Naming (or at least trying to) each child as they came off the bus during daily parking lot duty was a start, but instituting “Sour Key Fridays” made the difference. As a teaching administrator in middle school, naming middle school students was not the problem. Any student in K-5 could find me after school on Friday for a candy. I had to give them two candies if I could not immediately name them. If I was going to prevent making candy a personal budget item, I needed to learn names. I knew it was having the desired effect when, with a laugh, a mom of identical twins let me know that they were late for school on a Friday because the students had to ensure that their wardrobe was identical to try and secure double the candies.
It is easy for a teacher to diagnose learning challenges with phrases such as “This student reads below grade level.” Framing learning challenges as connections to learner identity imposes a system on a learner rather than ensuring that the system adjusts to meet the learner’s needs. A learner-oriented learning environment takes “reads below grade level” and does the hard work of acknowledging that the barrier is not in the student’s identity but in the design. Proactive planning ensures that the text is not too difficult for the student to access, using generative AI to adjust non-fiction texts to meet students’ reading level.
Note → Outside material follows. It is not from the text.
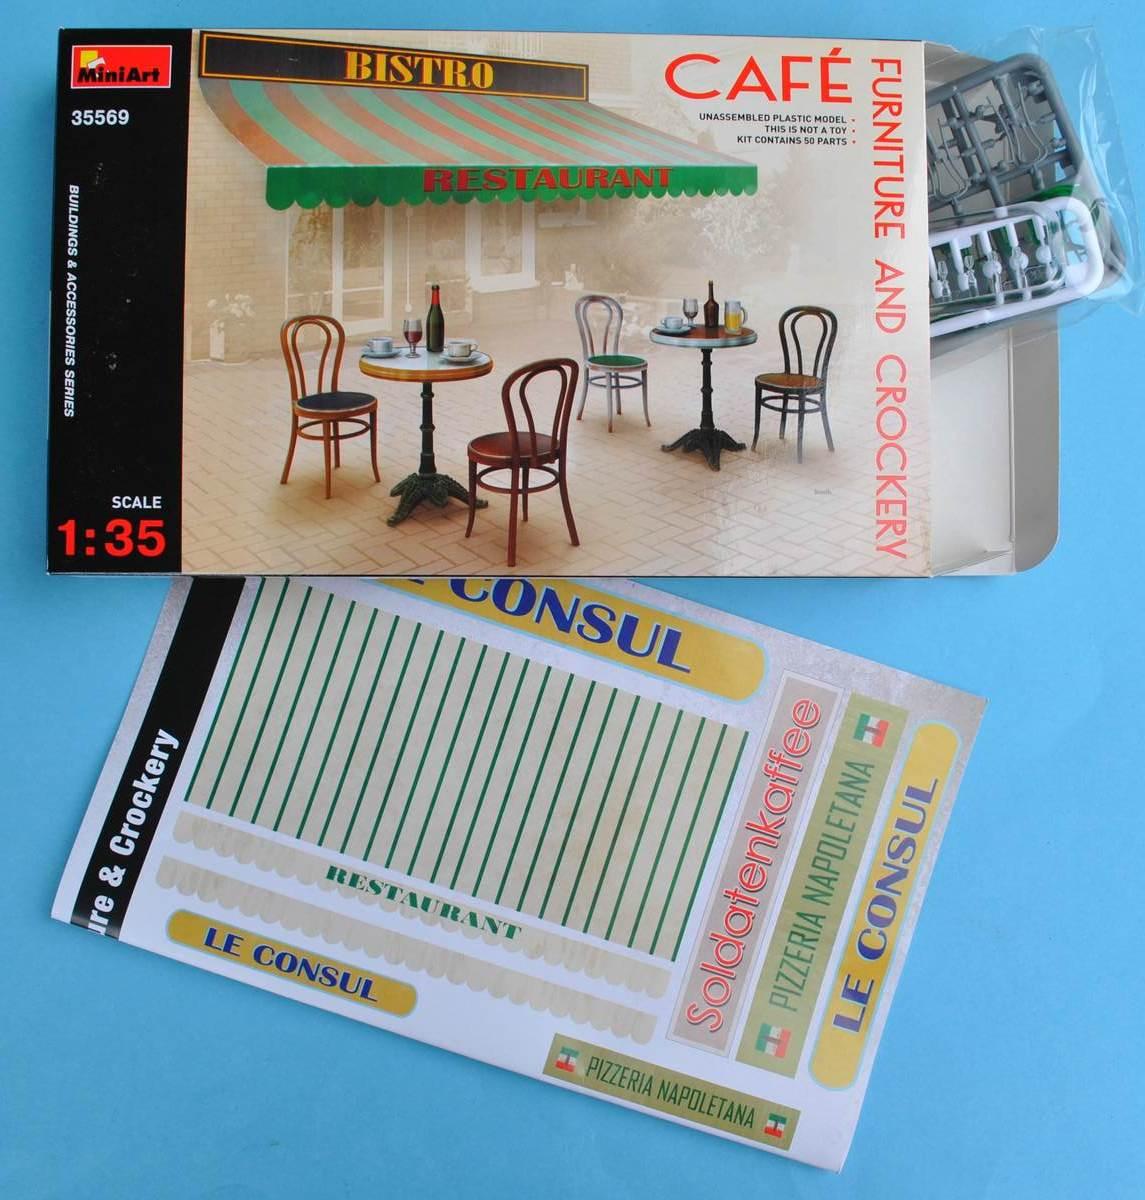 MiniArt-35569-Cafe-Furniture-and-Crockery-11 Café Furniture and crockery von MiniArt in 1:35 ( # 35569 )

Does using a single text, accessed in a single way, create a learning environment that reflects God’s created variability in His image-bearers?
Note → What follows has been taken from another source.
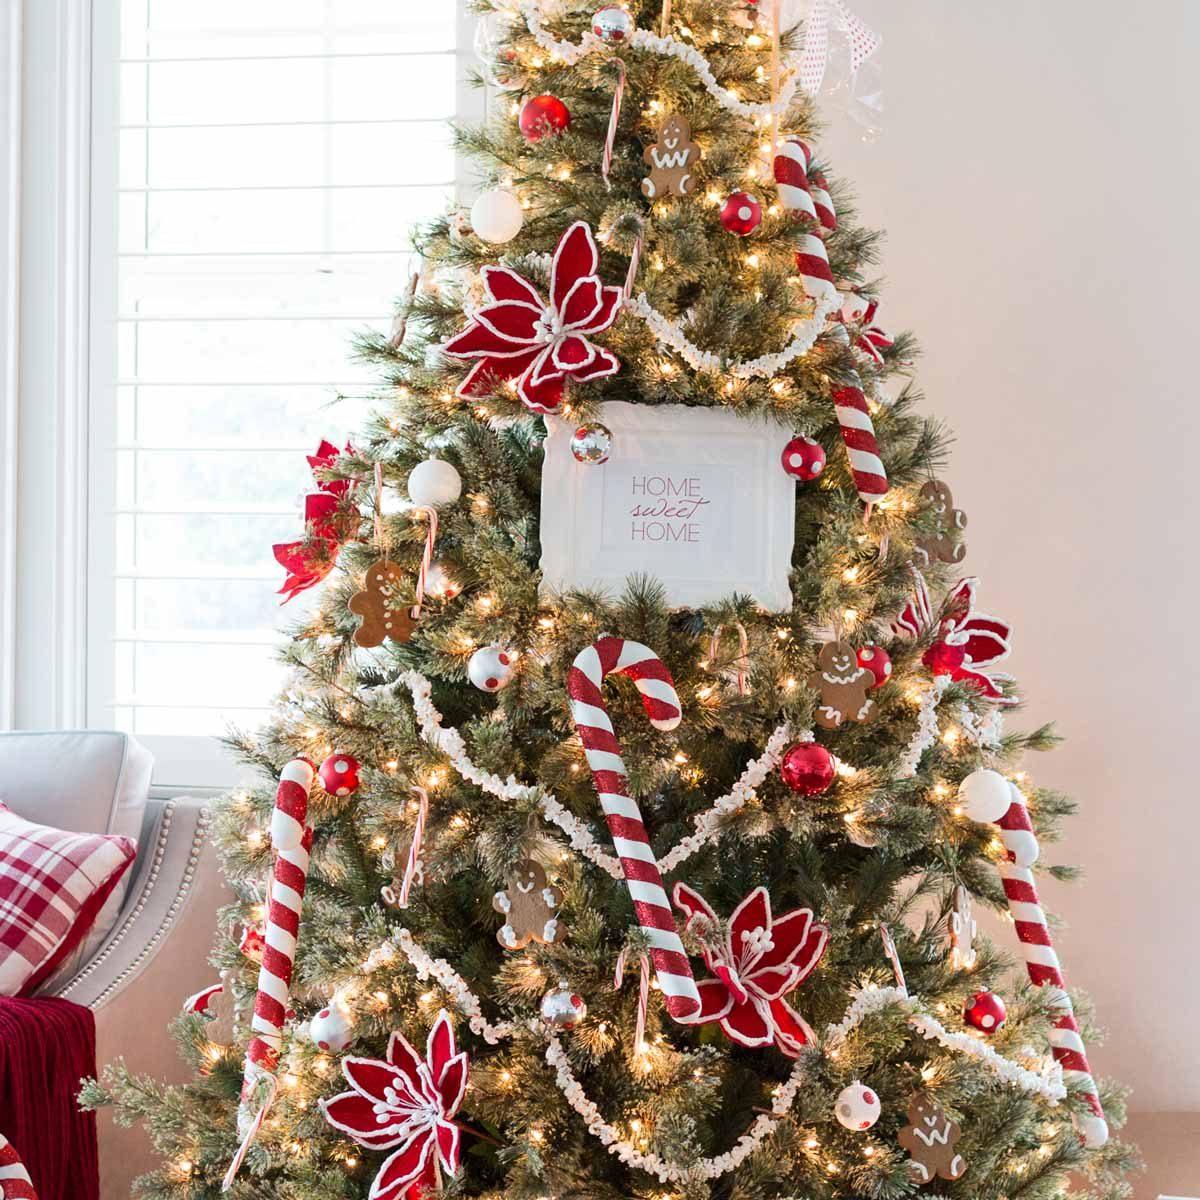 Christmas Tree Home Decorating Ideas: 100 Incredible Christmas Tree Decorating Ideas

re-storying challenge + proactive planning = vibrant learning environments for each student
Past performance is often said to be the best indication of future performance. Echoes of this sentiment often become part of student conversations on secondary campuses, explaining away learning challenges with phrases like “they had low grades in science last year.” When learning design and educator attitude see the student as the limiting factor, secondary students often meet expectations. What if we start secondary learning conversations with the idea that the barrier is found in the design? We increase our scaffolding of content and skills and use tools like interest surveys to learn more about the learner. We commit to using pre-assessments to ensure that we are starting with student ability, not a general expectation implying that every student should be learning at the same rate at the same time.
Christian schools believe in a God who creates, a God who loves, and a God who is revealed in the interdependence, resilience, and variation of creation. As Christian schools, we must continue pursuing structures that reflect this reality. Rather than asking unique image-bearers to conform to a model built for the average student, education structures should be adaptable to meet the needs of each unique learner.